Honestly there wasn’t much of a case to begin tbh. Even the CMA’s best resort was going to cloud and that turned out also to be BS as well.
I’m not trying to be an asshole, but there’s no way she has the experience necessary for this and that hurts everyone. Tech is complicated and when you combine that with antitrust, a new comer is not going to do it.
Have you actually read up on her, or are you just assuming that based on her age?

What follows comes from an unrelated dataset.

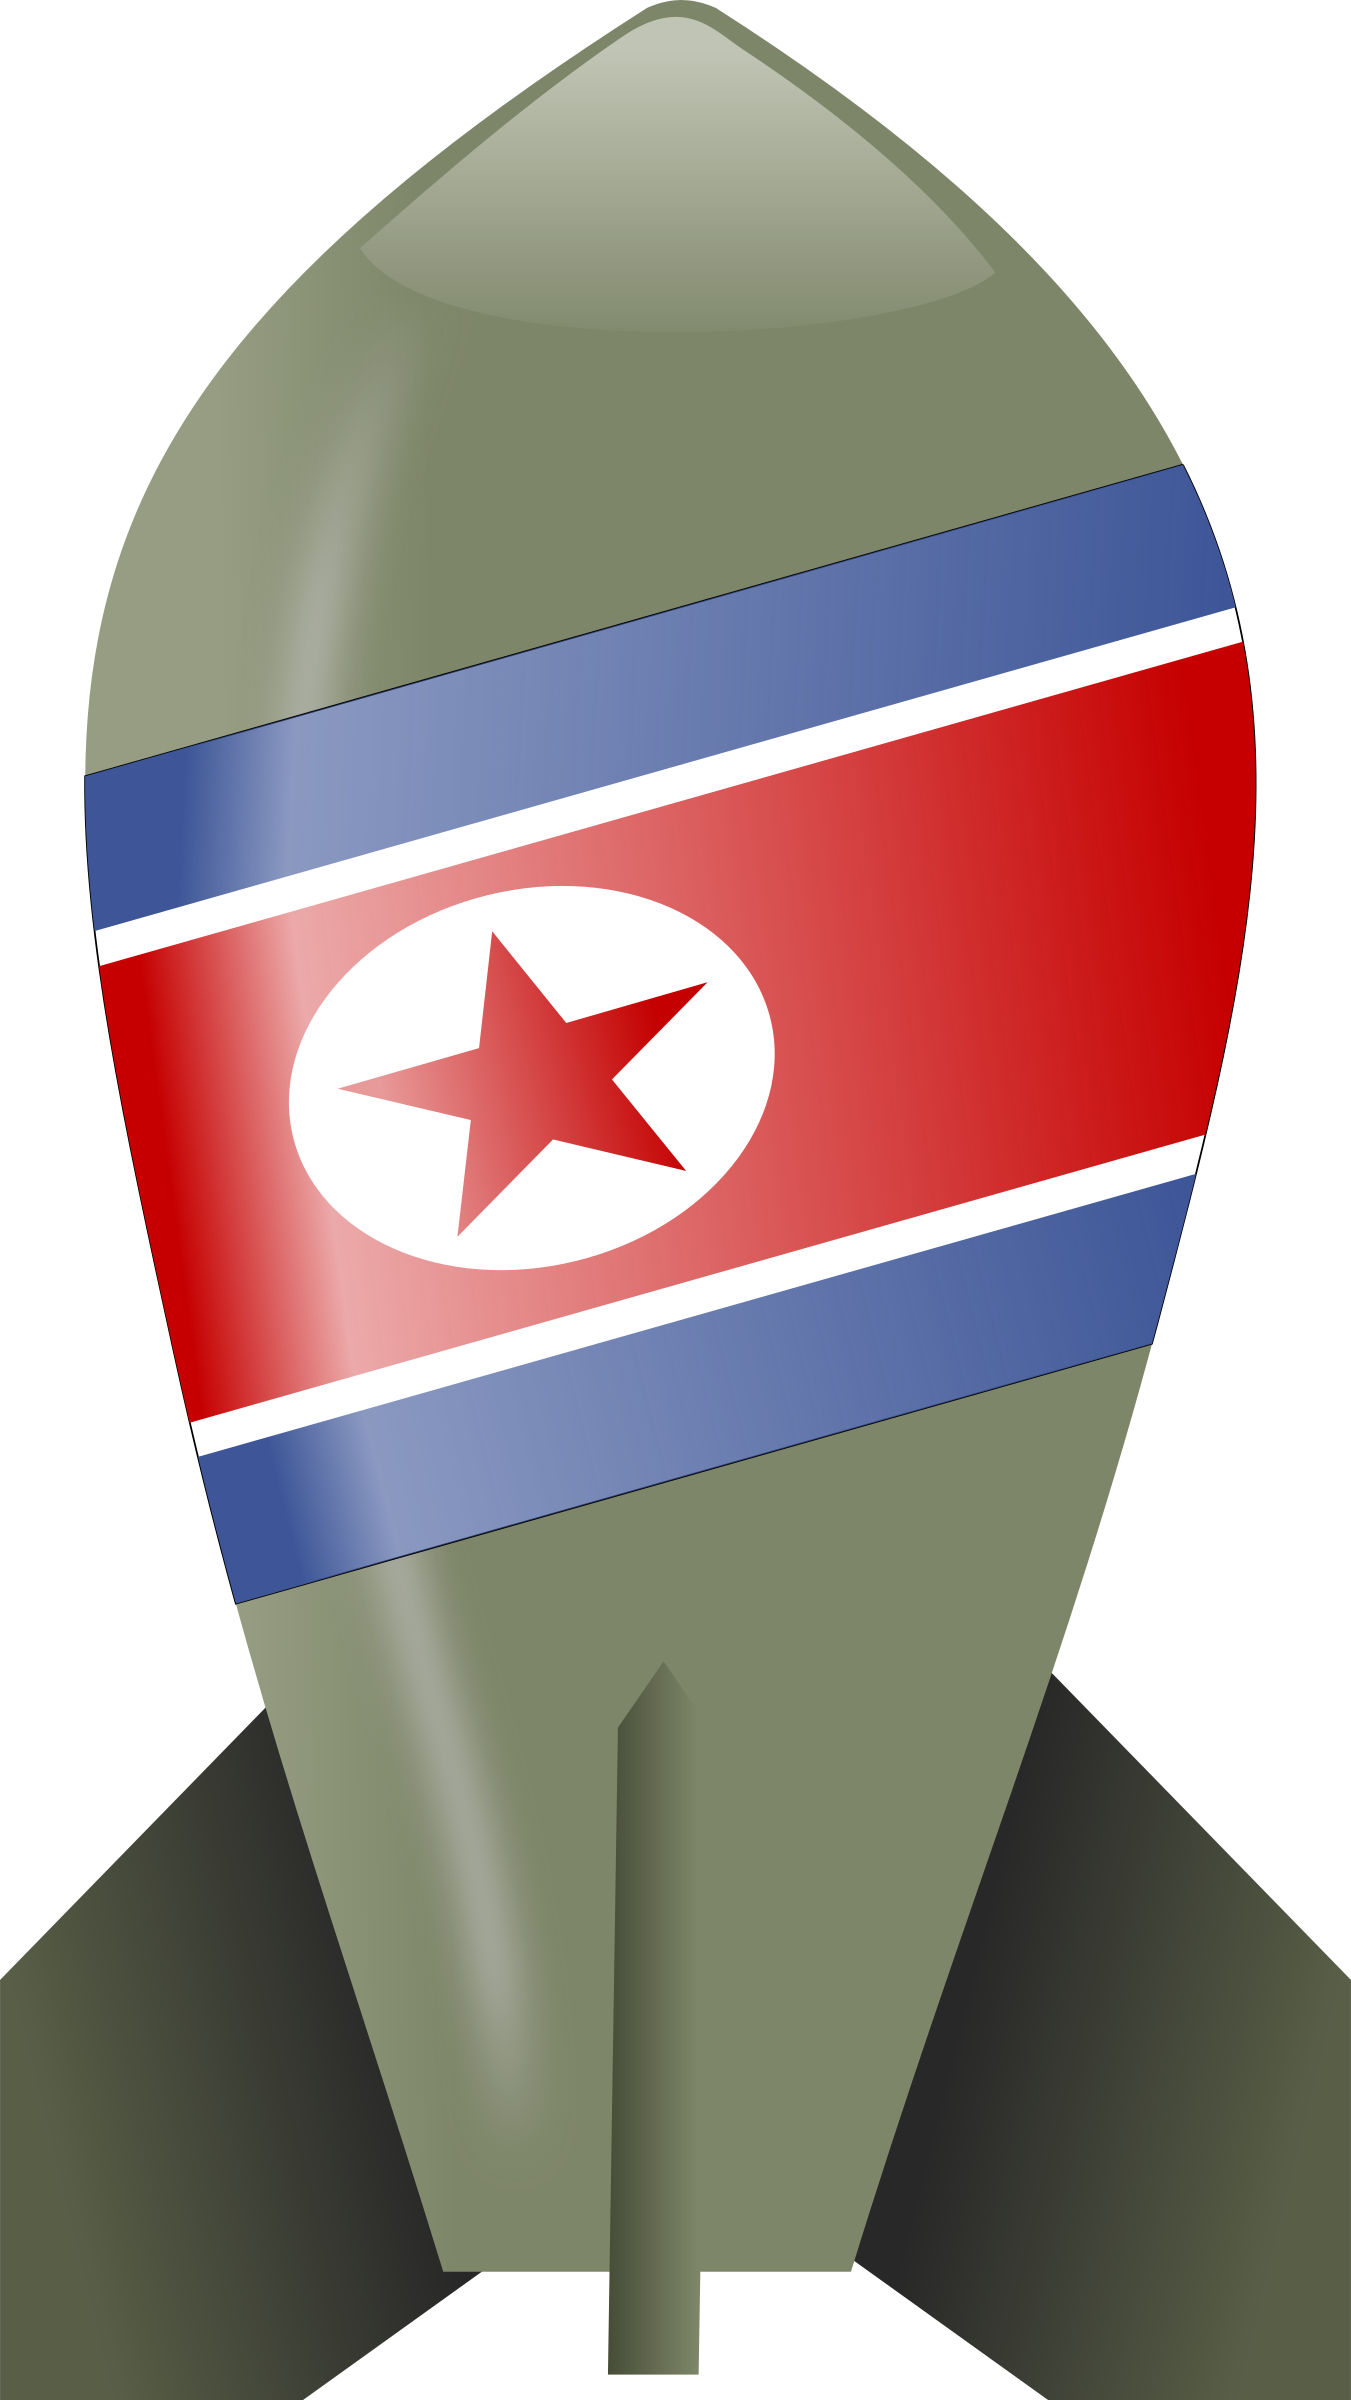 Big Image - North Korea Flag Bomb (1351x2400)
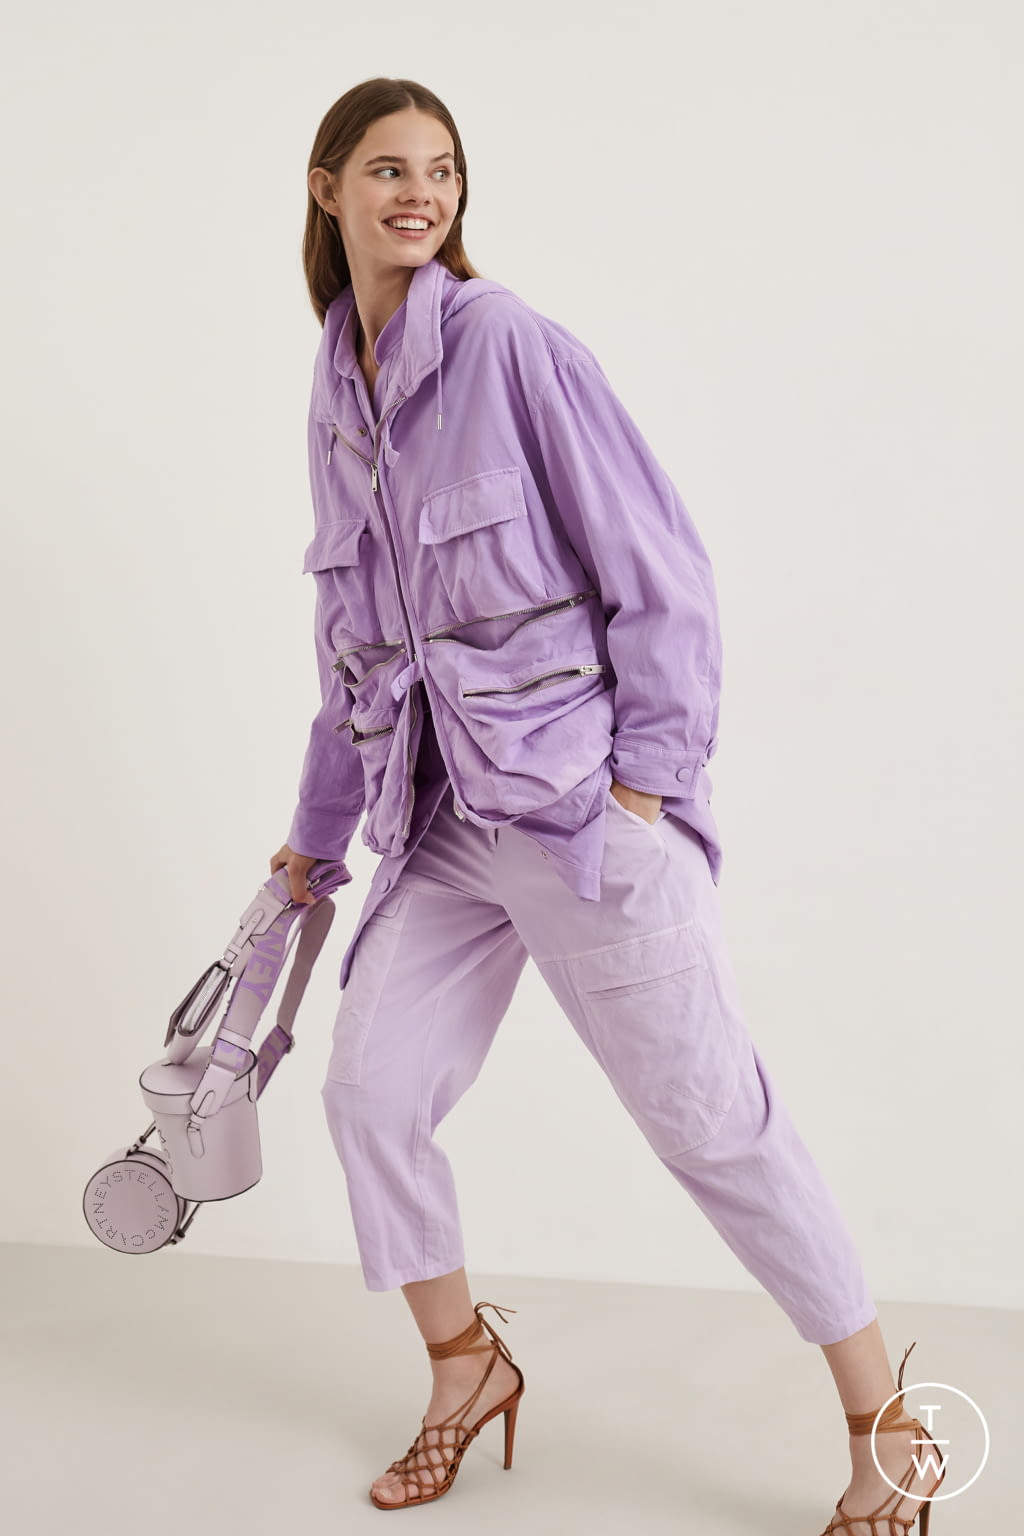 Stella McCartney Resort 20 womenswear #28 - Tagwalk: The Fashion Search ...

https://www.nytimes.com/2023/06/29/podcasts/the-daily/is-washington-finally-ready-to-take-on-big-tech.html
The FTC has been run by old white guys for decades, and it’s been going backwards. Linda Khans essay on antitrust (as a postgrad student) has basically reframed the governments and legal professions approach to antitrust (although real change will be slow, with decades of bad precedent to undo). She went straight from being the top student at Yale Law, to being a professor at Columbia Law and simultaneously the counsel for the House committee on anti-trust.